On February 9, 2015, the Supreme Court heard appeals in a trilogy of Ontario securities class action cases: Green v. CIBC, Silver v. IMAX and Celestica v. Millwright Regional Council of Ontario Pension Trust Fund. These long-awaited appeals will have a significant impact on the application of limitation periods under both the Securities Act, R.S.O. 1990, c. S.5, s. 138.3 (the "Securities Act") and the Class Proceedings Act, 199, S.O., 1192, c. 6.

In each case, plaintiffs have commenced class actions pursuant to PART XXIII.1 of the Securities Act for alleged misrepresentations in respect of trades in securities being made in the secondary market. The Securities Act requires a plaintiff to obtain leave before pursuing his or her statutory claim, and provides for a limitation period of three years from the time of the alleged misrepresentation. At the heart of the appeals is whether the limitation period requires the plaintiff to simply commence the claim within three years, or whether it requires the plaintiff to commence the claim and obtain leave in order to avoid the claim becoming statute barred. In all three cases, a class action had been commenced and a motion for leave had been brought, but not decided, within the three-year statutory limited period.

The debate over these provisions began with the release of the Ontario Court of Appeal's decision in Sharma v. Timminco, 2012 ONCA 107 leave to appeal to S.C.C. refused, [2012] S.C.C.A. No. 157 ("Timminco"). In a decision that took the securities class action bar by surprise, the Court in Timminco held that the statutory claim is statute-barred if leave to commence the action has not been obtained within the three-year limitation period. Several class actions were statute-barred as a result of this decision. Prior to Timminco, most plaintiffs had been operating under the assumption that s. 28 of the CPA, which has the ability to suspend a limitation period in favour of a class member if "a cause of action is asserted in a class proceeding", insulated plaintiffs from the limitation period under the Securities Act.
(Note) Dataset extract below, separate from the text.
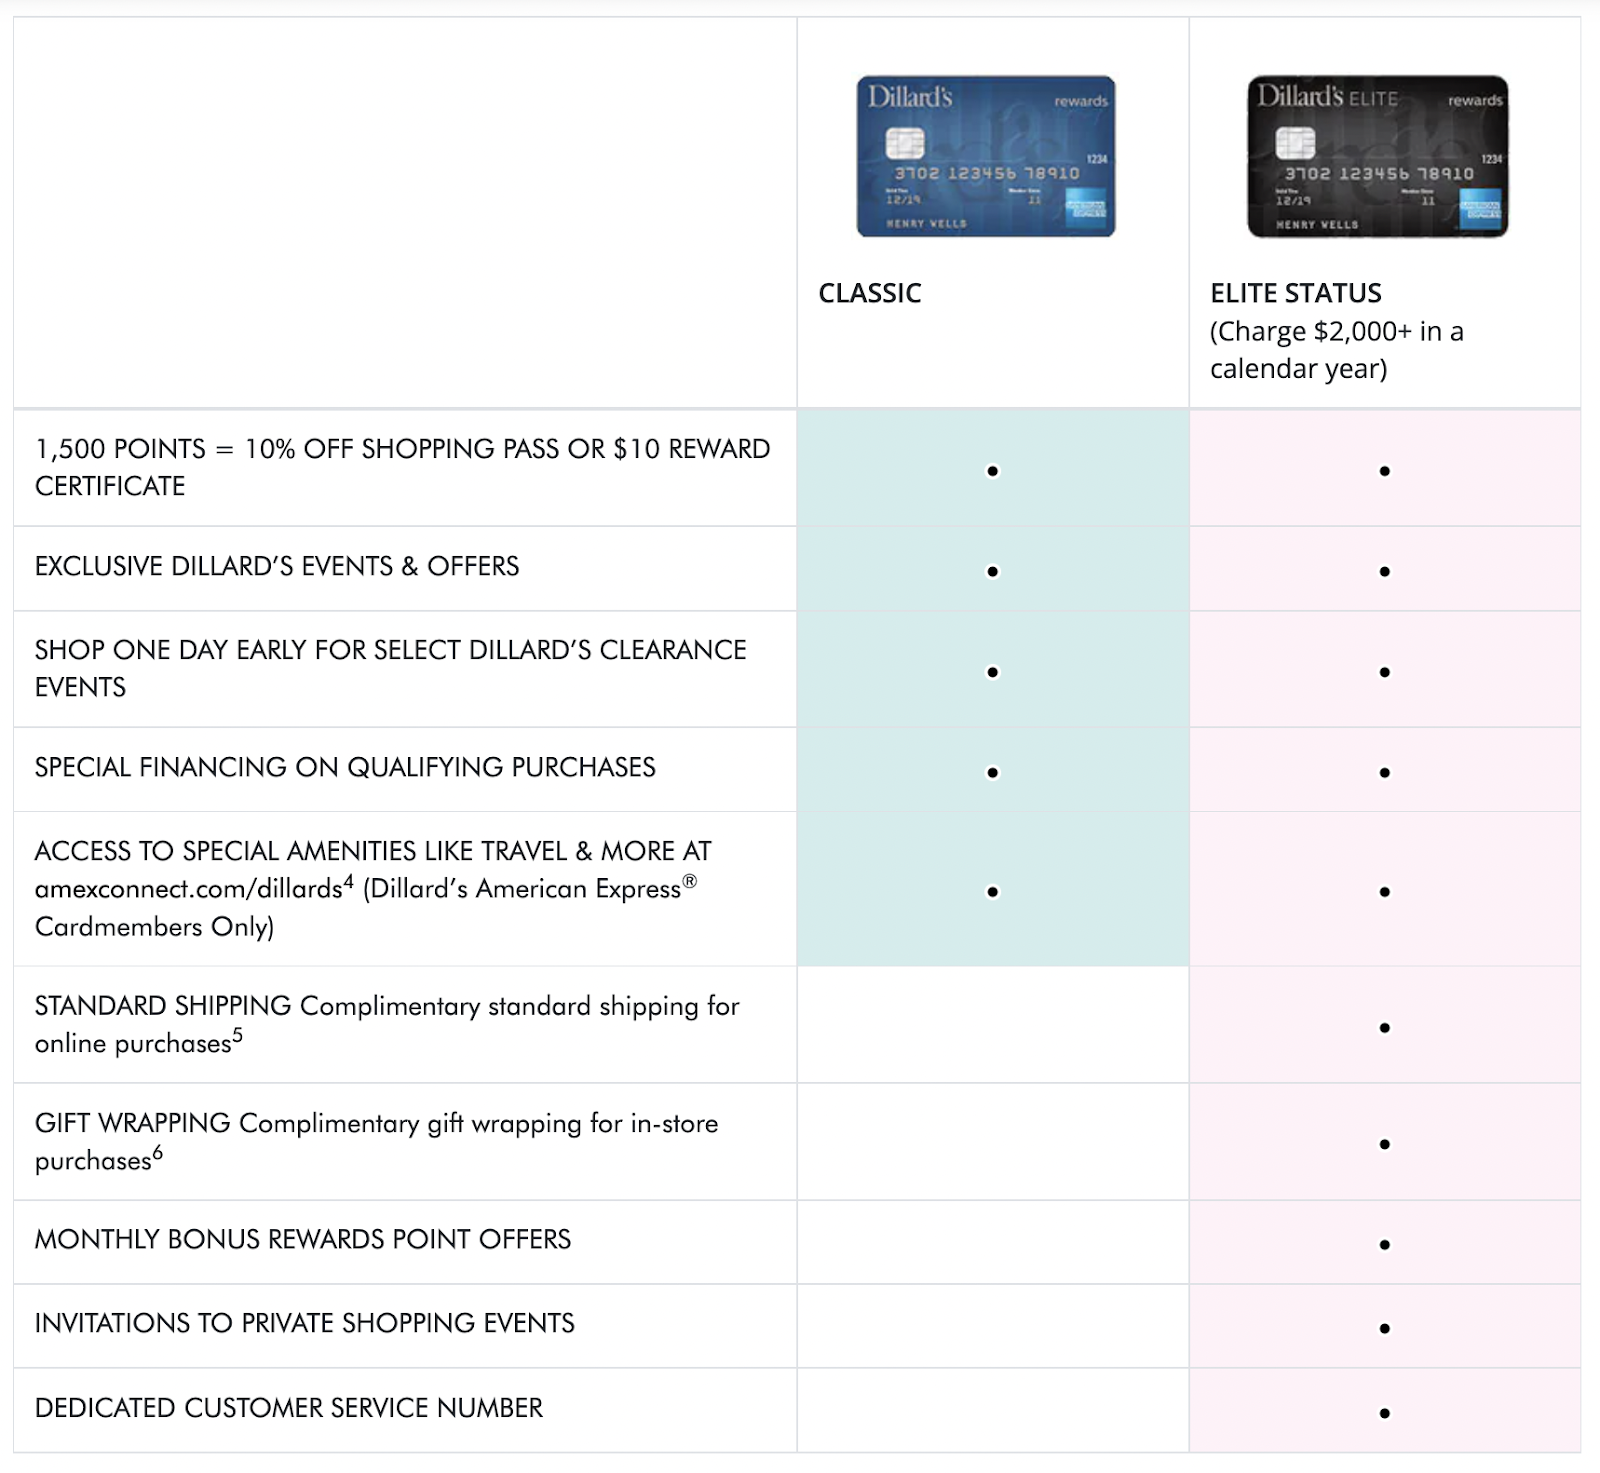 Why Large Rewards Program Fail–A screenshot of Dillard’s rewards credit card rewards program tiers: Classic and Elite Status. The image shows a chart of various rewards and which are available per tier.

The provision is designed to protect plaintiffs from a limitation period when at least one plaintiff has commenced an action within a limitation period.

In February 2014, with the release of Green v. CIBC, a special five-member panel of the Court of Appeal made the unprecedented move of overturning its own decision in Timminco. The Court of Appeal decided that it had wrongly interpreted s. 28 of the CPA. It was critical of the Court's analysis in Timminco which held that because the cause of action could not be enforced without leave being obtained, the statutory claim could not be considered to have been "asserted" until leave was obtained. The Court held that this reasoning was inconsistent with the purpose of s. 28 of the CPA and s. 138.3 of the Securities Act. It held that the purpose of these sections – to facilitate access to justice and deter corporate misconduct – would be thwarted if plaintiffs cannot use class actions as a vehicle for advancing statutory causes of action for misrepresentation. Moreover, if s. 28 of the CPA and s. 138.3 Securities Act cannot work together, class members would have to commence individual claims in order to ensure that their class action is brought within the three-year limitation period. This would run contrary to the intention of s. 28 of CPA.

In its decision, the Court of Appeal also addressed the reality that timing is not always within the control of counsel. Due to logistics, procedural steps and court availability, three years is usually not enough time for plaintiffs' counsel to commence a claim, bring a motion for leave and obtain leave. This is particularly illustrated in the case of Silver v. Imax in which a claim had been commenced, a leave motion had been served and argued but the decision itself was not released prior to the expiration of the limitation period.

Given the Court of Appeal's reversal in CIBC v. Green, the Supreme Court's decision in this area will provide much needed certainty with respect to securities class actions and the impact of the limitation provision in the Securities Act.